# Saddest day in fishkeeping for me also



## Husky_Jim (May 26, 2003)

I can't believe this guys i just open the lights in the Hypancistrus Zebra tank and i saw 2 om my beauties dead and the dominant male also half dead.I don't know the cause yet but all the parameters are perfect.
I did a large water change and i am now wishing for the last fish to live.
I can tell anything else for now i am about to start crying...............


----------



## Husky_Jim (May 26, 2003)

.....


----------



## r0d1mus (Jul 5, 2004)

man that sucks


----------



## SerraNBAPygo (Jun 8, 2004)

damn dude it was probaly a communicable parasite that did, sorry bout ur zebra pleco they r really cool looking fish.


----------



## Husky_Jim (May 26, 2003)

I can't believe this.........EGGS!!!


----------



## Husky_Jim (May 26, 2003)

FULL OF EGGS!!!WHY??????


----------



## FootClanSkates (Apr 25, 2004)

Sorry to hear about the loss, I know how hard that can be. I just lost a true albino common pleco.

But I do have one question, what were the round yellow objects inside the fish? They look too big to be eggs, and not like any ogans that I've seen in fish. Their stomachs looked very bloated in the first pics, and mine's was as well.


----------



## con man (Mar 7, 2004)

deffinately looks like bloat or intestinal blockage.... looks like stomach or intestine matter


----------



## khuzhong (Apr 11, 2003)

aww man.. you tooo husky?... sorry dude...


----------



## lemmywinks (Jan 25, 2004)

damn. that sux


----------



## Husky_Jim (May 26, 2003)

FootClanSkates said:


> Sorry to hear about the loss, I know how hard that can be. I just lost a true albino common pleco.
> 
> But I do have one question, what were the round yellow objects inside the fish? They look too big to be eggs, and not like any ogans that I've seen in fish. Their stomachs looked very bloated in the first pics, and mine's was as well.


No guys...they where eggs. no bloat to the fish.........Hypancistrus Zebra lay 10-20 eggs of that size in each branch.









Yesterday i finish the dry sesson simulation and the females where inside the tubes in order to lay the eggs.It must be a parasite after the large water change i did eventhouth i 've treated the water.

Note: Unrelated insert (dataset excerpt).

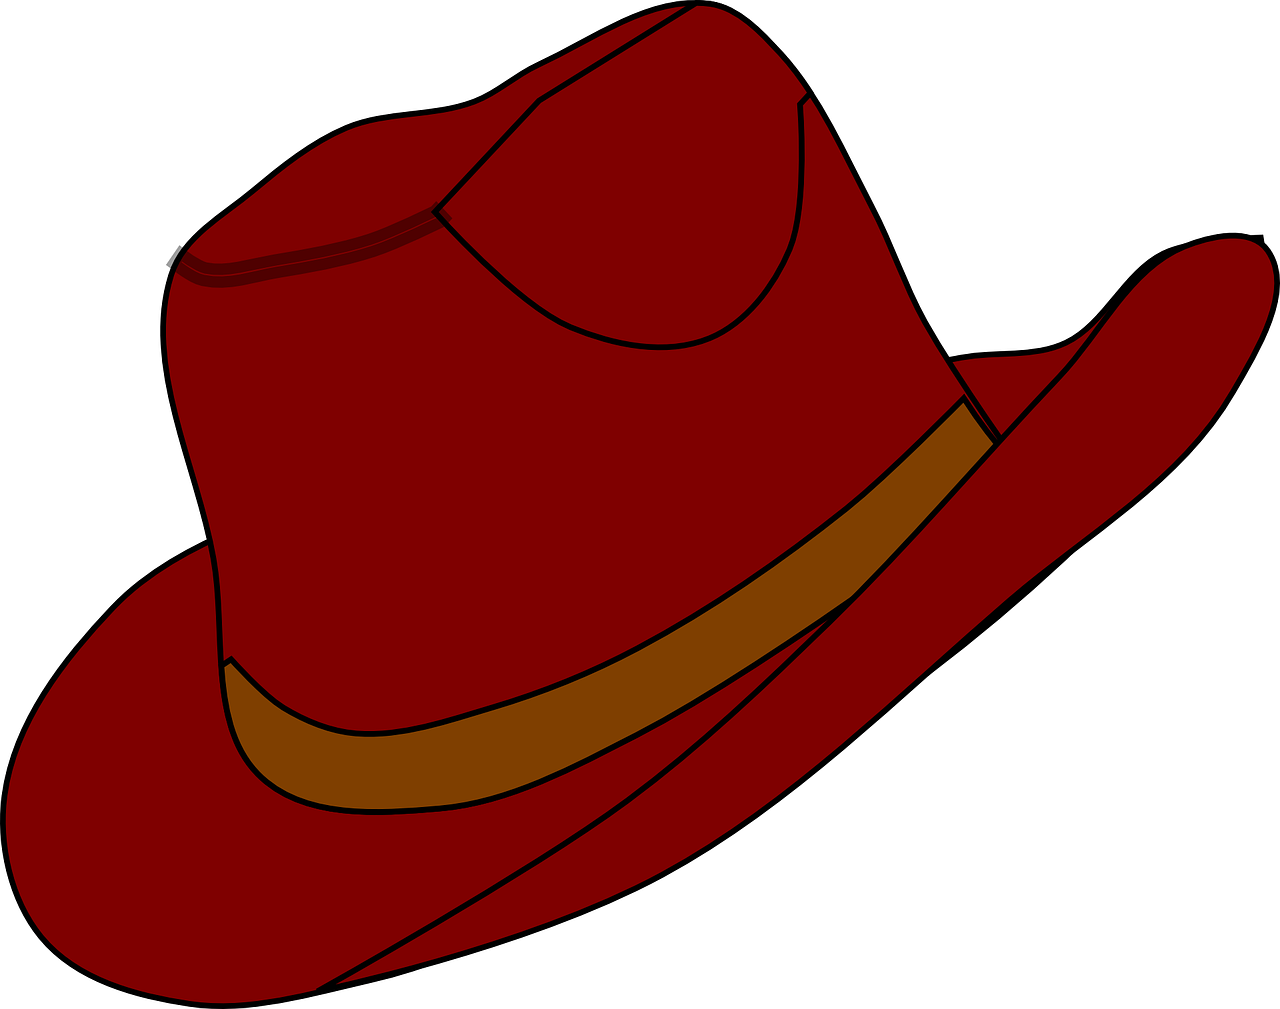 Hat clip art images

Thats why a Reverse Osmosis Unit is nessecary.......


----------



## Death in #'s (Apr 29, 2003)

dam husky i know how much u loved them


----------



## thePACK (Jan 3, 2003)

damn..heart breaking Hj..just heartbreaking


----------



## Pmemo (Apr 5, 2004)

sorry to hear that. I wish your third one gets back to healthy.


----------



## dantouan (Jun 15, 2004)

I am very sorry , almost as much as you , my friend jim...


----------



## killarbee (Jan 23, 2004)

man this sux Jim i'm sorry for your loss. they were nice specimens


----------



## losts0ul916 (Nov 19, 2003)

Sorry for your losses. Thats what I dread the most when I wake up in the morning and look into my Zebra tank.


----------



## SerraNBAPygo (Jun 8, 2004)

they were going to breed? that would 've been a cool experience, r the live ones showing breeding behavior still.


----------



## Kory (Jun 5, 2003)

Sorry for your loss man


----------



## Lonald (Jan 10, 2004)

damn that sucks


----------



## NTcaribe (Apr 8, 2004)

damn full of eggs

you still investigating on what happen?


----------



## acestro (Jul 7, 2003)

husky_jim said:


> I can't believe this.........EGGS!!!


 Aw sh*t, very sorry for the loss of potential breeders, that's the worst.
DON"T GIVE UP!


----------



## DiXoN (Jan 31, 2003)

thats really sad i feel for you.
dixon


----------



## smithgrind_who (Mar 26, 2004)

Sorry to hear about your tragedy. Those were beautiful fish, I hope you can save the others!


----------